(Items from a data source)
######

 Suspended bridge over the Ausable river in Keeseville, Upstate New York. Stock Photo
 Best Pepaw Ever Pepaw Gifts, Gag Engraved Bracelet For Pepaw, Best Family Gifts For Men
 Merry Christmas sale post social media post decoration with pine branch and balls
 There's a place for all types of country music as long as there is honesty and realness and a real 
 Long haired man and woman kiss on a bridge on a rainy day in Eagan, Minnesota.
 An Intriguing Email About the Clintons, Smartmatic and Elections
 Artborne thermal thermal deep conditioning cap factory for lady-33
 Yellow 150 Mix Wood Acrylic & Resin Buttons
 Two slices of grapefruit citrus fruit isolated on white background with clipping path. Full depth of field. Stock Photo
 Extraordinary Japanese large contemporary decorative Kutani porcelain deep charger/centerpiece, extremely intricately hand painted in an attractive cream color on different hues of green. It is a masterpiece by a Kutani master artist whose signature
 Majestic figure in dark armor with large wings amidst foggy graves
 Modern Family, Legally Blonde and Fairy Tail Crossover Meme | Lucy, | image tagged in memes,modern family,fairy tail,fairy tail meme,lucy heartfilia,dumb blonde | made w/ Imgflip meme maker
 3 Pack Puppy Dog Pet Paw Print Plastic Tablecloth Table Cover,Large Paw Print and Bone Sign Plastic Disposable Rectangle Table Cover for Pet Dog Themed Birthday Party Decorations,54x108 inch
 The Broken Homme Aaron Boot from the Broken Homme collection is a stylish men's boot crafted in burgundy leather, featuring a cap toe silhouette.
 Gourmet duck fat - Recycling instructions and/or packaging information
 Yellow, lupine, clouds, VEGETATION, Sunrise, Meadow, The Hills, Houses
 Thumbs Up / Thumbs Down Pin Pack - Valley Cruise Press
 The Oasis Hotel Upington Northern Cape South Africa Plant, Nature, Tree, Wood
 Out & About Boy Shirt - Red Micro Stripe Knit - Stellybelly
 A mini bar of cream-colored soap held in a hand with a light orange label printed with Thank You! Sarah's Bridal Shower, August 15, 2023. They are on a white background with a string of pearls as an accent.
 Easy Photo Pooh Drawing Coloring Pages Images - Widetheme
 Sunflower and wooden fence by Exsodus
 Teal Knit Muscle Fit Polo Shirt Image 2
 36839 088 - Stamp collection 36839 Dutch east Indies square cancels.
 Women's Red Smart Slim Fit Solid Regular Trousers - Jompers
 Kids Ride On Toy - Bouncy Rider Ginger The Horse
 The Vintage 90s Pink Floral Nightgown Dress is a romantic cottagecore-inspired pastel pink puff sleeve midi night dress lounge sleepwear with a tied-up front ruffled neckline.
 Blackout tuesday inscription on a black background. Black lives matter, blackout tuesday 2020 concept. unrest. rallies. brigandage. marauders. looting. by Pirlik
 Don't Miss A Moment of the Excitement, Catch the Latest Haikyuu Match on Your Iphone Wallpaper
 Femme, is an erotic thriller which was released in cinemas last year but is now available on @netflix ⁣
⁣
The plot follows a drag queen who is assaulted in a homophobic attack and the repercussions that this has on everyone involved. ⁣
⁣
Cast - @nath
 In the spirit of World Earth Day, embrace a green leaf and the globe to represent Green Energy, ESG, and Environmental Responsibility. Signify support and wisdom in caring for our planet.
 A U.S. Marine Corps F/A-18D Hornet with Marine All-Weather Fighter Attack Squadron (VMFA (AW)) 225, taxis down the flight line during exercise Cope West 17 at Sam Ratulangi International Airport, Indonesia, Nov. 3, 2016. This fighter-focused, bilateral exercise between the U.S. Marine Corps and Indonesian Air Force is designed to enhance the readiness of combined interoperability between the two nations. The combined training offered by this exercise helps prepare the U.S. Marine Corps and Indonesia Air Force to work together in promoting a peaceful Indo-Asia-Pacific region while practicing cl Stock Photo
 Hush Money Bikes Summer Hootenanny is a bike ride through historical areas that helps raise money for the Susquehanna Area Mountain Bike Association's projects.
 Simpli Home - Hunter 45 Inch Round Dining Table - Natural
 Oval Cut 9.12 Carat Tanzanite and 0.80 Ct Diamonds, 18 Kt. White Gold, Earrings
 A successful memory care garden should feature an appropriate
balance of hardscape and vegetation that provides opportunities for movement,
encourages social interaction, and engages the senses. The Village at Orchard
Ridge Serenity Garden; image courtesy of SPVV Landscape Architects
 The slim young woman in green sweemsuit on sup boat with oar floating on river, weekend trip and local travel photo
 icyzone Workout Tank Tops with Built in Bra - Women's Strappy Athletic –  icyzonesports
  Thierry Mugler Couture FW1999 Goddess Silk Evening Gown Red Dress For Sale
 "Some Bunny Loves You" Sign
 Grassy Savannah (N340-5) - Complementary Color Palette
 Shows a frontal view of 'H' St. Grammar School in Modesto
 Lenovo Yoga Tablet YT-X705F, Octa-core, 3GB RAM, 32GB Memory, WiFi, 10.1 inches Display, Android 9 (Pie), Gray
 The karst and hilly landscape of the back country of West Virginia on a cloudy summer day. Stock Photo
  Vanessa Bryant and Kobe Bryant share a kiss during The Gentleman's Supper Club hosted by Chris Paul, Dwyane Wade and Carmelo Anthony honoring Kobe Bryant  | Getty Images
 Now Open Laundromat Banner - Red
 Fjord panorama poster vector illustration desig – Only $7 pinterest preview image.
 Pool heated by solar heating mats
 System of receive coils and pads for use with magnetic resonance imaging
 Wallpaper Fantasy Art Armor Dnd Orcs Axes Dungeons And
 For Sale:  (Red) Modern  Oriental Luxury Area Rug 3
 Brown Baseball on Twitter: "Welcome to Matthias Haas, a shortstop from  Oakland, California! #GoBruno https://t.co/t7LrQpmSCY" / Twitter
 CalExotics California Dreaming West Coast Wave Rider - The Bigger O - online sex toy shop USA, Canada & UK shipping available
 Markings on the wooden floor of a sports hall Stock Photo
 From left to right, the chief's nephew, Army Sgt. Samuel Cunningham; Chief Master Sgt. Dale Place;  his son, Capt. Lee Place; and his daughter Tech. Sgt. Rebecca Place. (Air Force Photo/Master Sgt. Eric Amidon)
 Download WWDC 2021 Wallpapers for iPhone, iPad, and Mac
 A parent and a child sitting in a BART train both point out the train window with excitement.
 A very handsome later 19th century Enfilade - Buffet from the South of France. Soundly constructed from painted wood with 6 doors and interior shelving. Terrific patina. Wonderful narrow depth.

######

• _PROBLEM TO WORK ON_
Both end lines included, restate word for word the lines above from the line with "A successful memory" to the line with "Markings on the", and nothing else.

• _THE COMPLETED TASK_
 A successful memory care garden should feature an appropriate
balance of hardscape and vegetation that provides opportunities for movement,
encourages social interaction, and engages the senses. The Village at Orchard
Ridge Serenity Garden; image courtesy of SPVV Landscape Architects
 The slim young woman in green sweemsuit on sup boat with oar floating on river, weekend trip and local travel photo
 icyzone Workout Tank Tops with Built in Bra - Women's Strappy Athletic –  icyzonesports
  Thierry Mugler Couture FW1999 Goddess Silk Evening Gown Red Dress For Sale
 "Some Bunny Loves You" Sign
 Grassy Savannah (N340-5) - Complementary Color Palette
 Shows a frontal view of 'H' St. Grammar School in Modesto
 Lenovo Yoga Tablet YT-X705F, Octa-core, 3GB RAM, 32GB Memory, WiFi, 10.1 inches Display, Android 9 (Pie), Gray
 The karst and hilly landscape of the back country of West Virginia on a cloudy summer day. Stock Photo
  Vanessa Bryant and Kobe Bryant share a kiss during The Gentleman's Supper Club hosted by Chris Paul, Dwyane Wade and Carmelo Anthony honoring Kobe Bryant  | Getty Images
 Now Open Laundromat Banner - Red
 Fjord panorama poster vector illustration desig – Only $7 pinterest preview image.
 Pool heated by solar heating mats
 System of receive coils and pads for use with magnetic resonance imaging
 Wallpaper Fantasy Art Armor Dnd Orcs Axes Dungeons And
 For Sale:  (Red) Modern  Oriental Luxury Area Rug 3
 Brown Baseball on Twitter: "Welcome to Matthias Haas, a shortstop from  Oakland, California! #GoBruno https://t.co/t7LrQpmSCY" / Twitter
 CalExotics California Dreaming West Coast Wave Rider - The Bigger O - online sex toy shop USA, Canada & UK shipping available
 Markings on the wooden floor of a sports hall Stock Photo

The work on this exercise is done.